Old Believers Pokrovsky Cathedral () ― a cathedral of the Don and Caucasian Diocese of the Russian Orthodox Old-Rite Church, located in Rostov-on-Don (Ulyanovskaya Street, 37). It was built in 1913 on the project of architect V.A. Pokrovsky. The cathedral has the status of an object of cultural heritage of regional significance.

History 
One of the first places of worship for Old Believers community of Rostov-on-Don was a small chapel. In 1813, a wooden Church of the Intercession was built on the site of the chapel. According to the assumption of the Rostov regional ethnographer A.P. Zimin, this church was moved by the settlers from the White Sea.

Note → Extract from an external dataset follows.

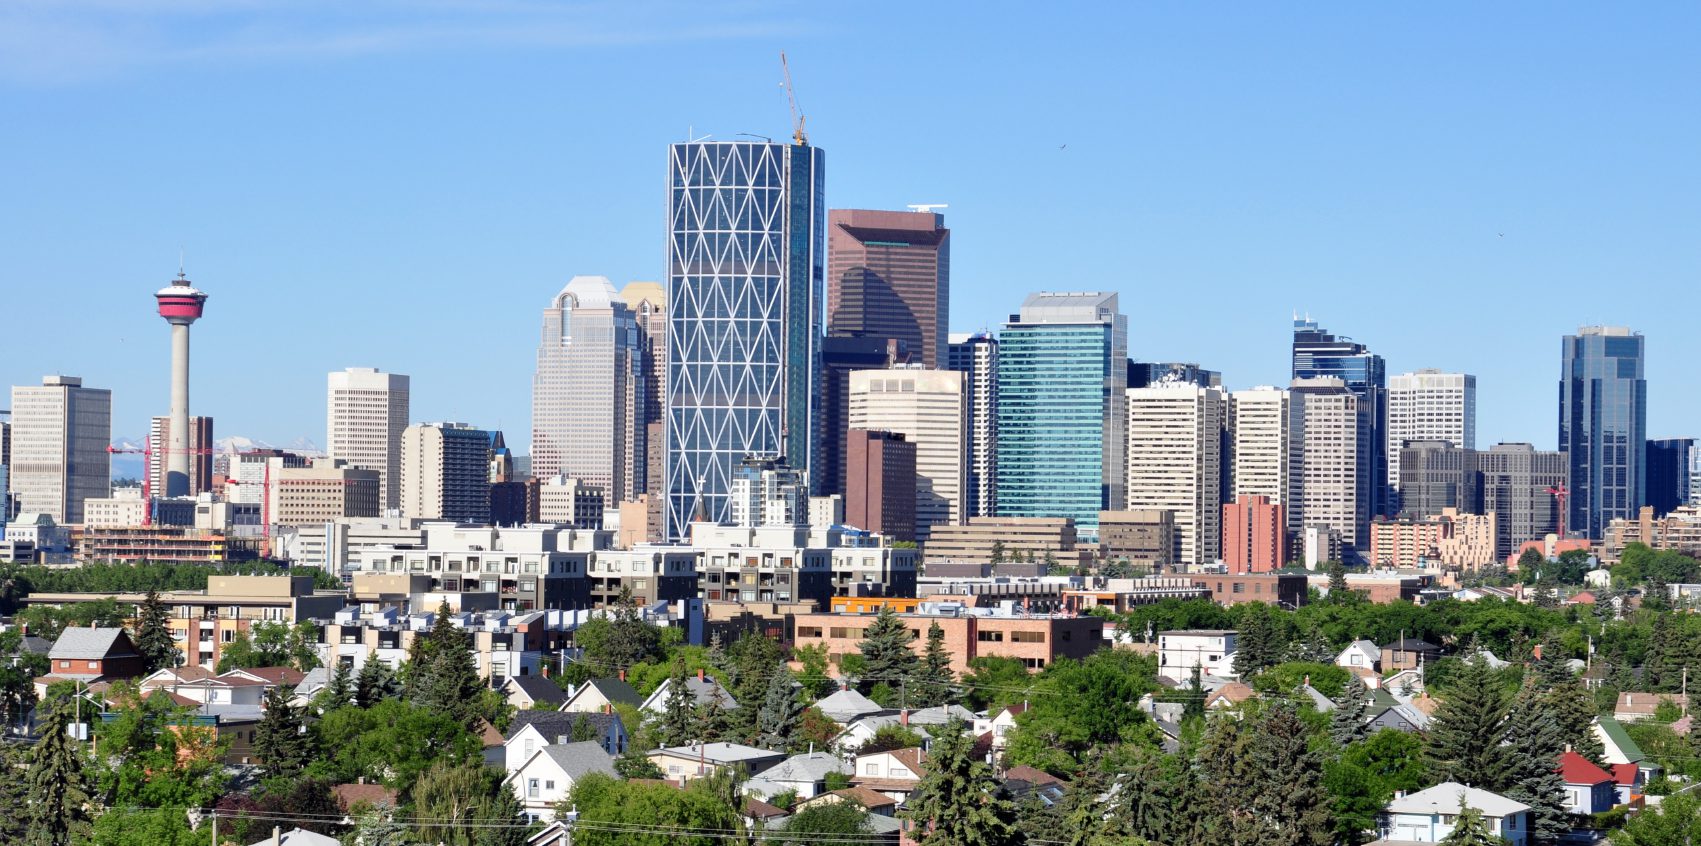 Calgary Headlines List of U-Haul Canadian Destination Cities for 2015

In 1913, a stone church of the Intercession of the Holy Virgin was built on the opposite side of the street where the wooden church was situated. The construction of the temple was donated Rostov merchant N.A. Panin. A well-known architect Vladimir Pokrovsky was the author of the project.

Opposite the church apse there was located Old Believers hospice (according to other sources, it actually was the clergy house), built in 1910 also on the funds of Panin. In church was established an altar of St. Elijah the Prophet, so the temple also sometimes called "Pokrov―St. Elijah Church".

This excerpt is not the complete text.